As it turns out, Julie is slightly intolerant of milk (which happens to be ALL she drank as a one and two year old).  Her body was not appreciate of dyes - especially red.  She reacted STRONGLY to the gluten.  But, the most surprising find was her adrenal glands.  As it turns out - they are not functioning properly.  This is the direct connection with her energy levels.  What is ASTONISHING about that though is this:  When I was pregnant with her I began to notice that without warning I would all of a sudden be completely out of energy.  The only thing that would fix it would be to go to bed and start new in the morning.  I could be going strong and then suddenly be completely done.  I had never experienced that before in my life and was astonished at what her pregnancy was doing to my body.  Most people can feel their energy start to fade and that is what I had known all my life.  However, during pregnancy with her my energy could go from full to completely depleted within ten minutes.  After she was born, I noticed the problem didn't go away and I have dealt with it since.  Little did I know I had passed it on to her and I had no idea it was connected to our adrenal glands.  Even more astonishing is that my mother shared with me that she has the same problem (just never knew it was her adrenal glands) and that my great grandmother had the same thing.  (It is highly likely my grandmother had it as well, she just never shared it with us.)  Therefore, this has been an issue for five generations and we are just now figuring out what is causing it.  We are currently working through some supplements and testing the waters to see what will work best to combat adrenal fatigue.

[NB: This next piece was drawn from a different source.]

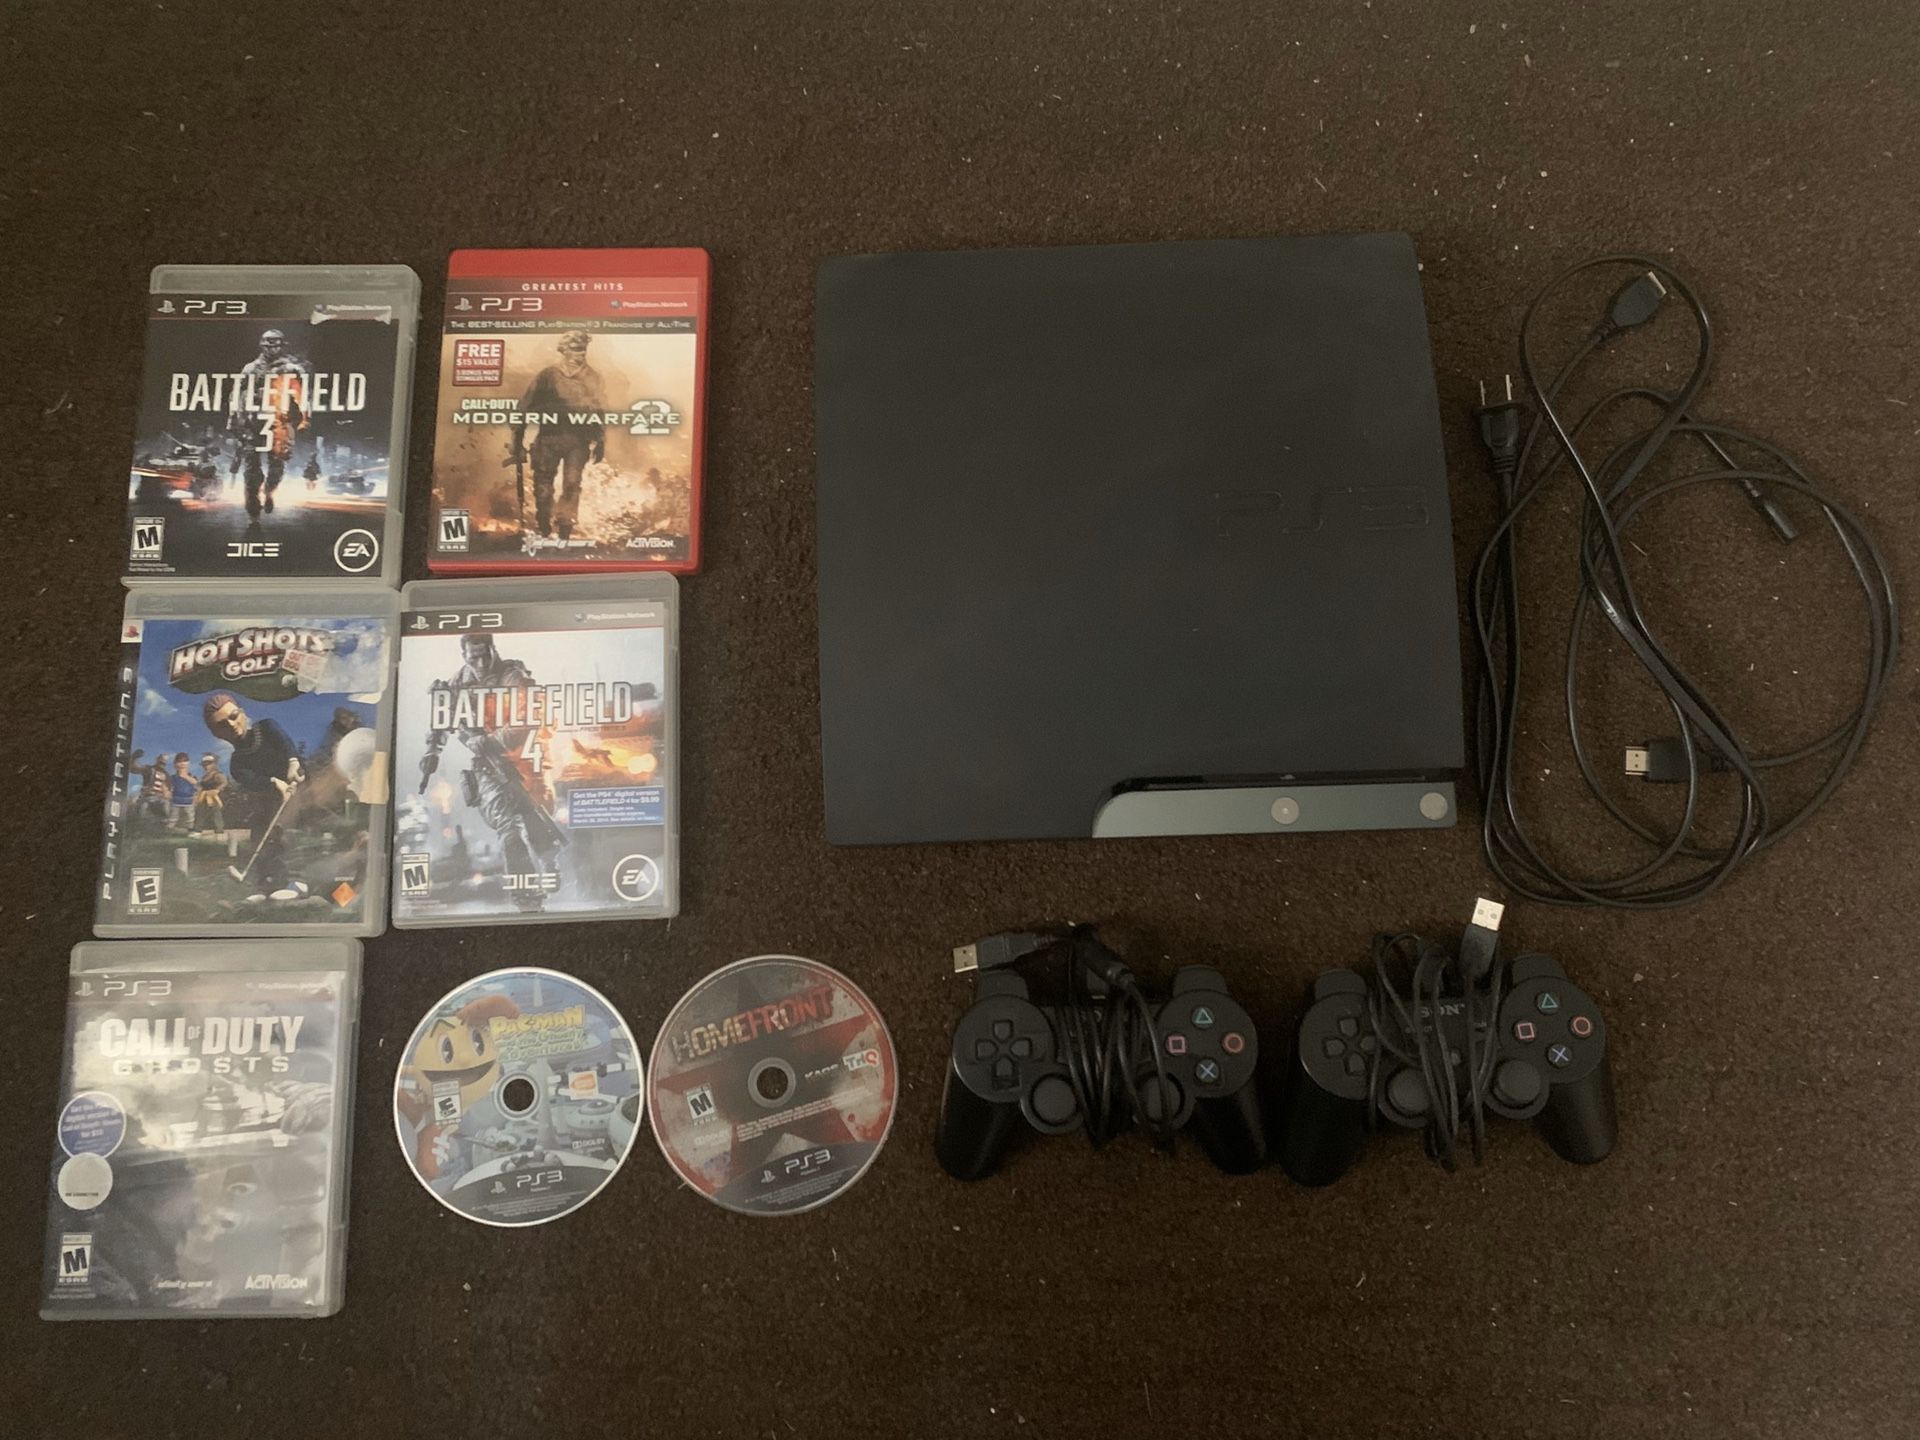 Sony PS3 System with games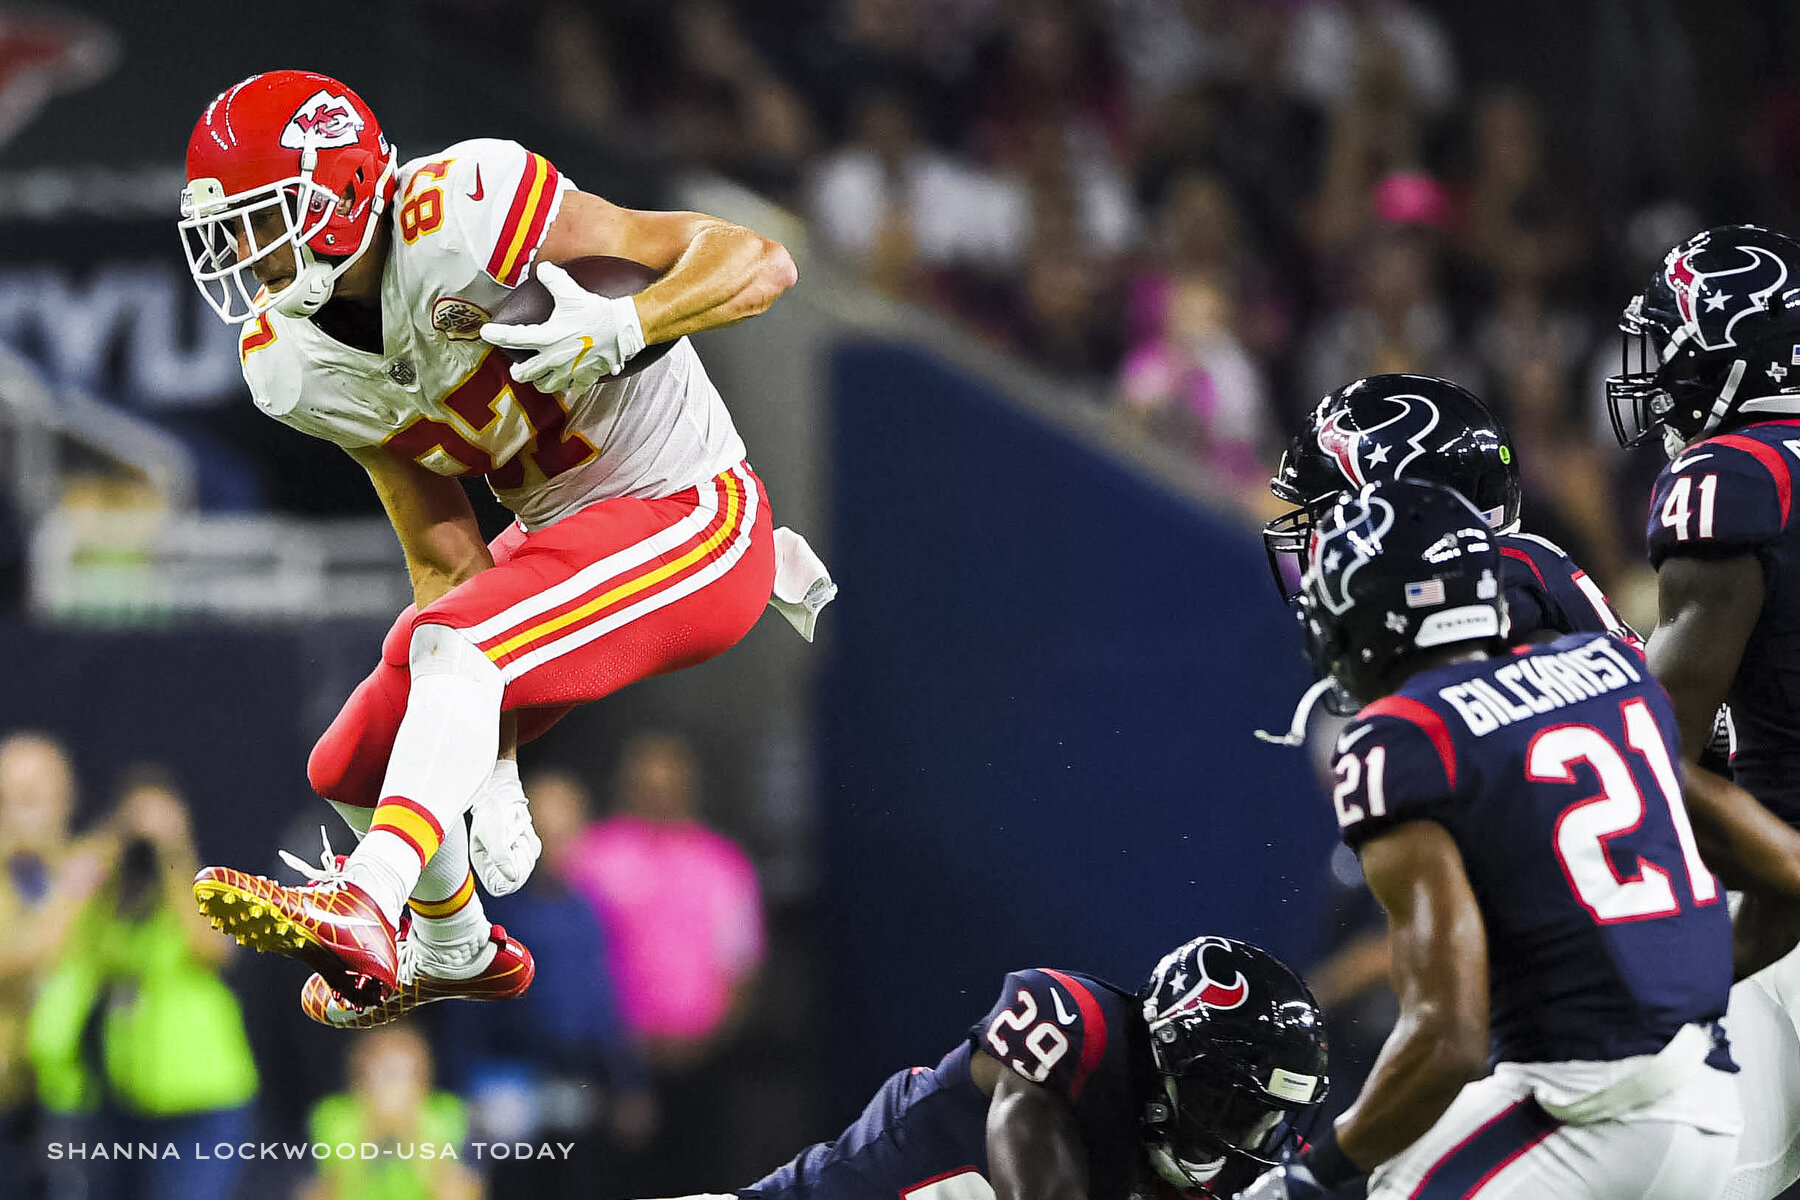  Oct 8, 2017; Houston, TX, USA; Kansas City Chiefs tight end Travis Kelce (87) jumps over Houston Texans free safety Andre Hal (29) during the first quarter at NRG Stadium. Mandatory Credit: Shanna Lockwood-USA TODAY Sports

The last astonishing thing we recently discovered with Julie is that her body is not appreciative (doesn't tolerate well) citrus (and possibly fruit in general).  This should come as no surprise to me.  I loathe fruit - hate it.  I never crave it and would prefer to never eat it.  However, when I was pregnant with her, I could NOT get enough.  I ate fruit with every meal like it was going out of style.  Having hated fruit my entire life, this was peculiar to me and somewhat humorous.  We don't know right now why her body doesn't want to metabolize fruit, so we're currently looking into that as well.

In conclusion (finally, right?!) - I don't want you to think we have a bunch of sick kiddo's on our hands.  Nor do I want you to think that that is what WE think.  Instead, I want it to come as an encouragement to you:  that food affects EVERYTHING.  It effects our behavior, our breathing, our bowels, our stomachs, and our adrenal glands.  Instead of heading to your primary care physician and getting an inhaler or some stomach acid medicine, consider heading over to your local chiropractor and taking a more natural approach to what ails you or your child.  I think you'd be surprised at the amount of things you could "fix" simply with food!  Happy Thursday!